- cross-posted to:
- asklemmy@lemmy.world
- cross-posted to:
- asklemmy@lemmy.world
One that comes to mind for me: “Whatever doesn’t kill you makes you stronger” is not always true. Maybe even only half the time! Are there any phrases you tend to hear and shake your head at?
“What doesn’t kill you makes you stronger.”
No. What doesn’t kill you creates trauma.
Yeah what didn’t kill me gave me a chronic disease. I’m weak as hell compared to 3 years ago.
For me it turned me into a depressed person who no longer feels emotion the way I did before. I’m 99% numb. The other 1% is manic attacks.
Shout out to my ex who started on #2 recently, as people keep telling me.
Maybe they got therapy and will be a better person this time. Maybe #2 will be the person they need. Whatever. Peace.✌🏽
Same. But in a way, it did kill me, so maybe that’s why I’m not getting stronger.
I can relate. My experience completely changed my personality.
I definitely look at the pre-depression version of myself and see a completely different person.

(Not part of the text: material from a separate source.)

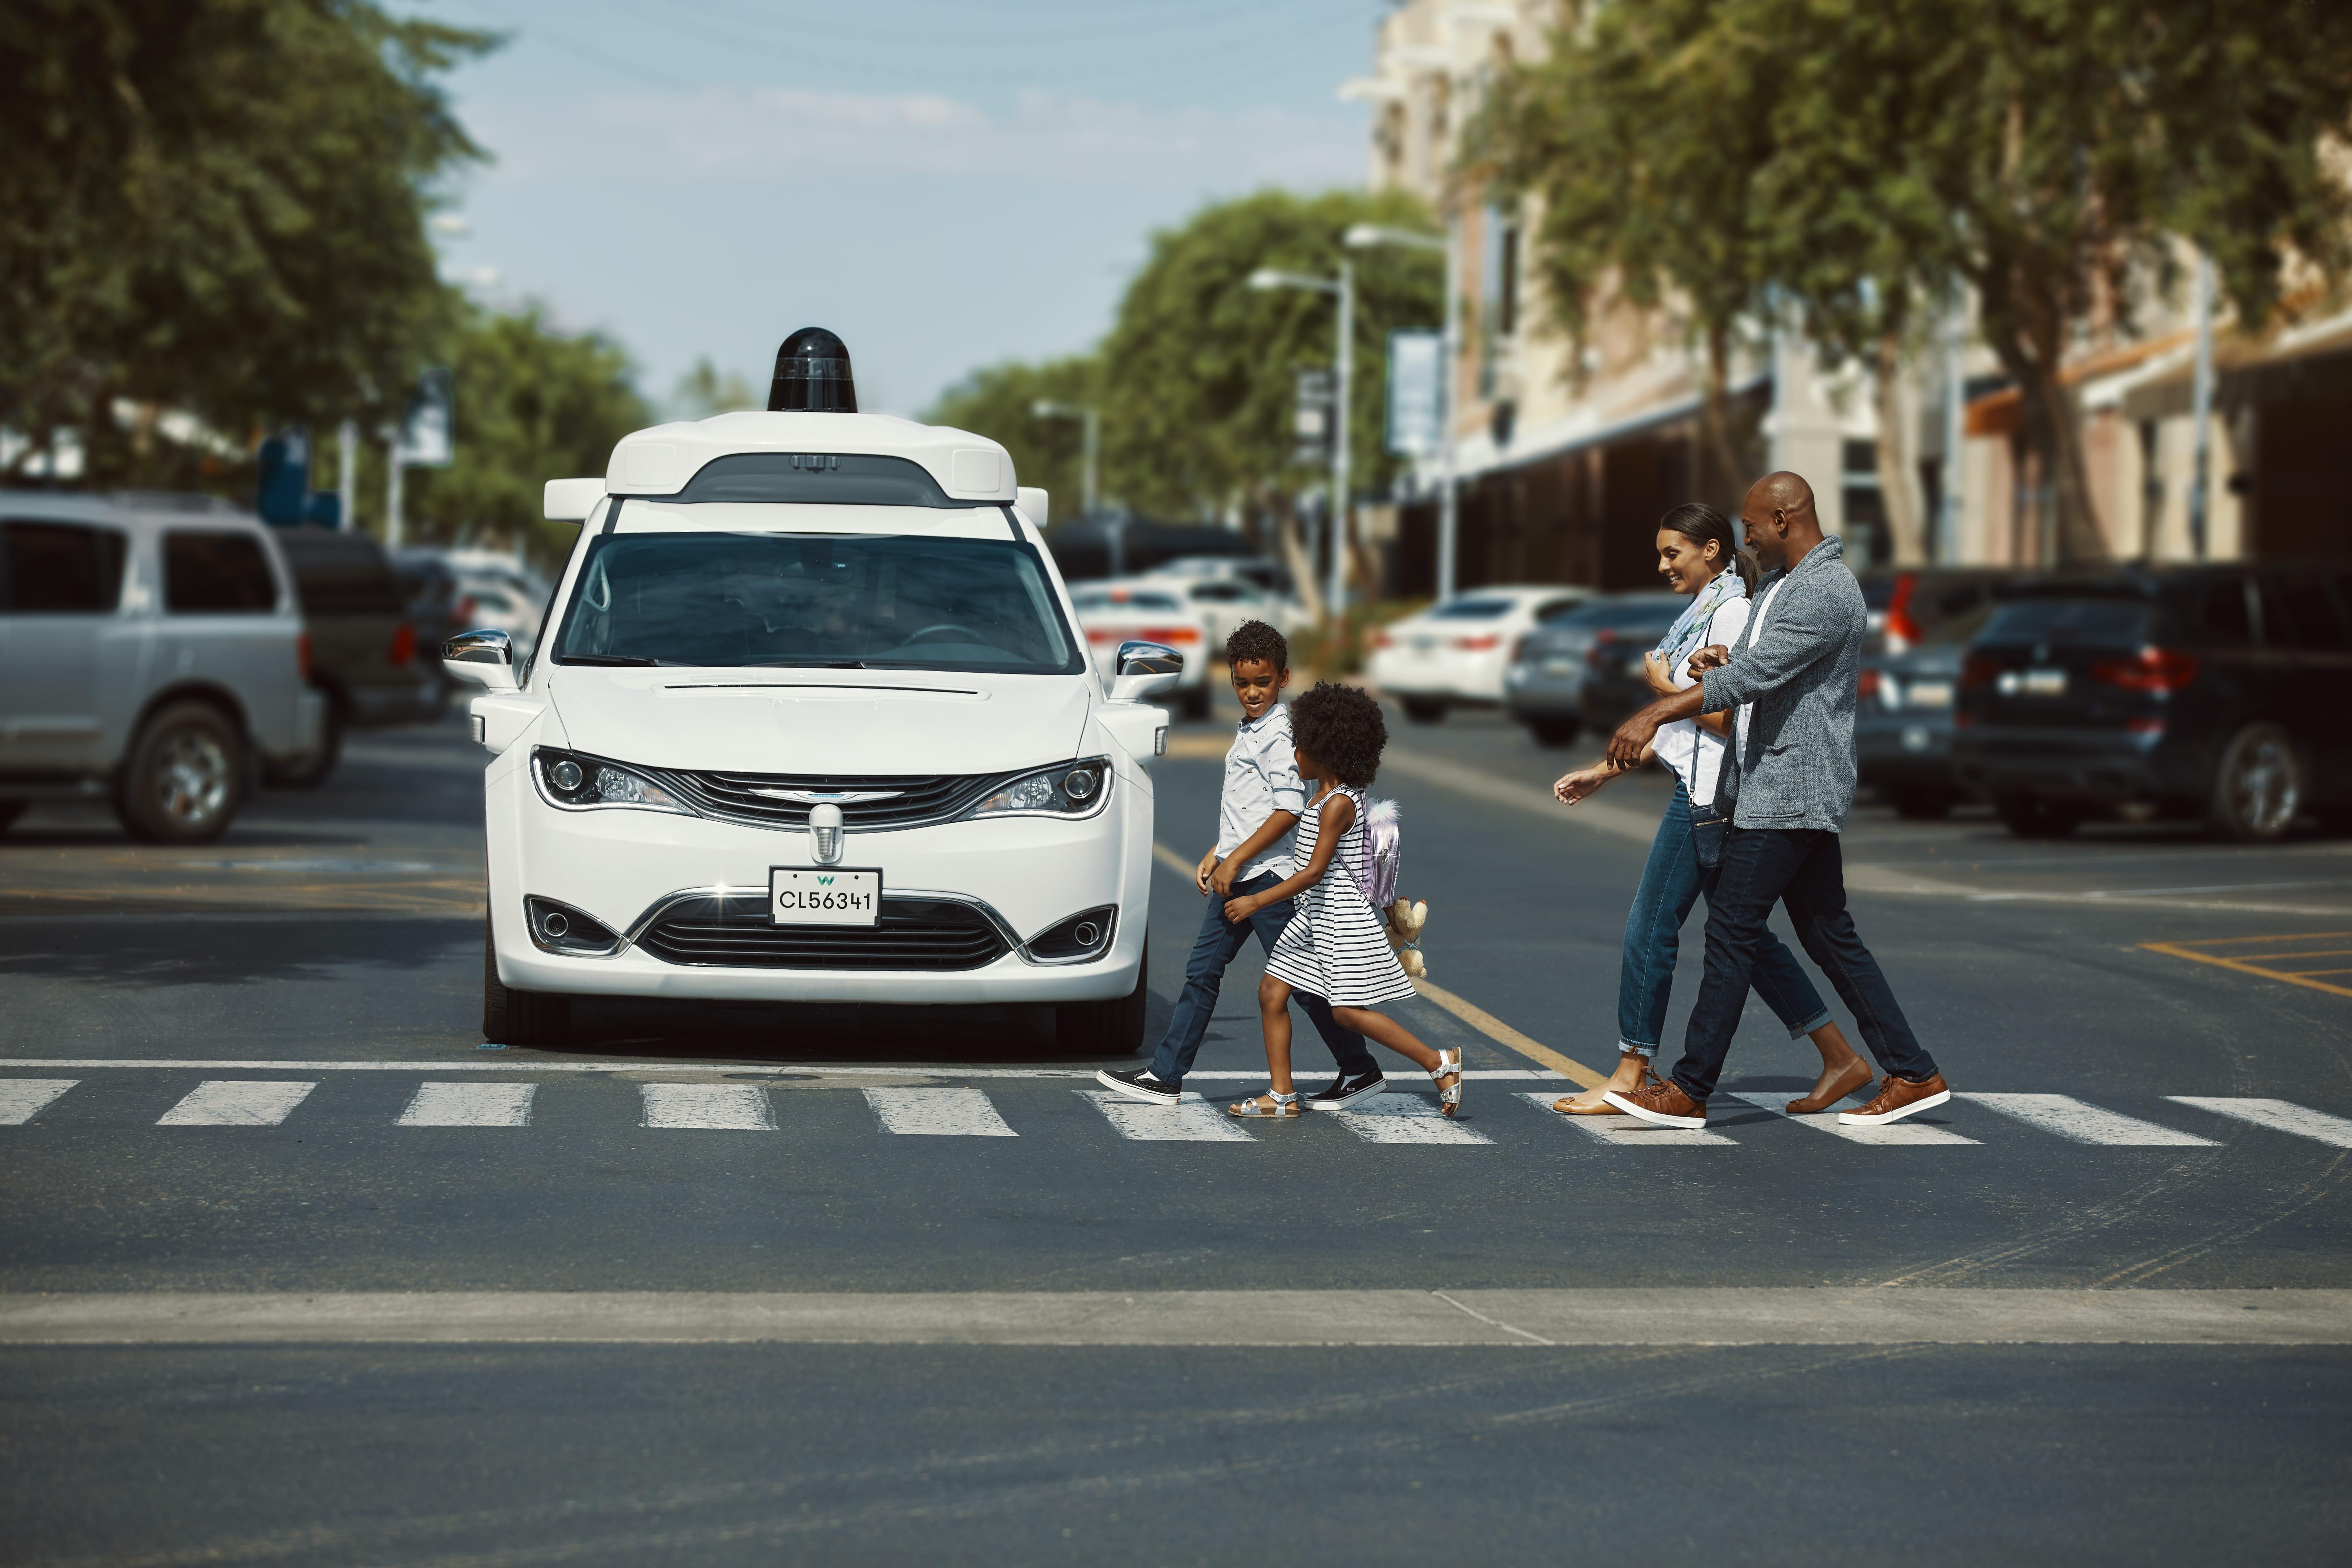 Waymo's autonomously driven Chrysler Pacifica Hybrid minivan at a crosswalk
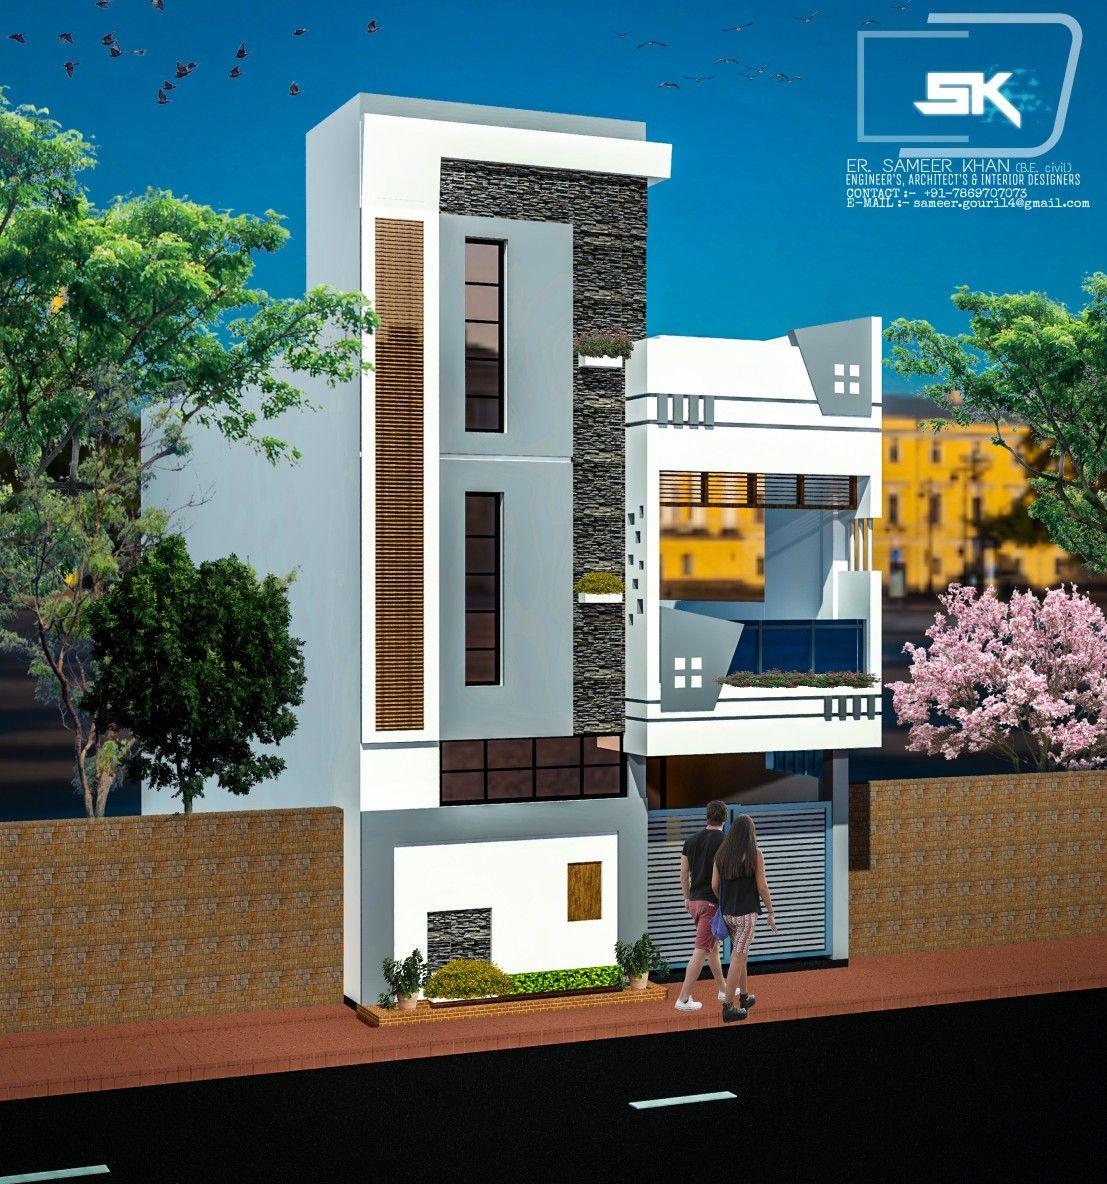 Introducing modern house elevation design in  front  by er sameer khan also best single story independent rh pinterest

What doesn’t kill you evolves and tries again
In the same vein (and at least as dangerous): “Pain is just weakness leaving the body.” No, you testosterone poisoned numb-nuts - it is your body’s way of telling you that something is not right. Stop and listen!
With the exception when someone starts out a new sport or even manual work, like yep you’re a bit achy now, good on you because that’s the feeling of laziness escaping!
Yep. Gotta know the difference between being a bit sore from growing strength vs pain of damaging your body.
Science has proven that what doesn’t kill you (like a virus) actually weakens you. But, conversely, you become more efficient at responding to that specific thing so it only appears like it made you stronger.
And maybe a long term disability too.
What doesn’t kill you only postpones the inevitable.
What doesn’t kill you gets exrea practice for next time.
Well, no, the trauma is the event itself. The reaction to it is post-traumatic stress. If that stress gets in the way of your day-to-day functioning, then it could be called PTSD (but there’s like pages and pages of diagnostic criteria too).
Always appreciate it when a pedant joins the conversation. Thank you.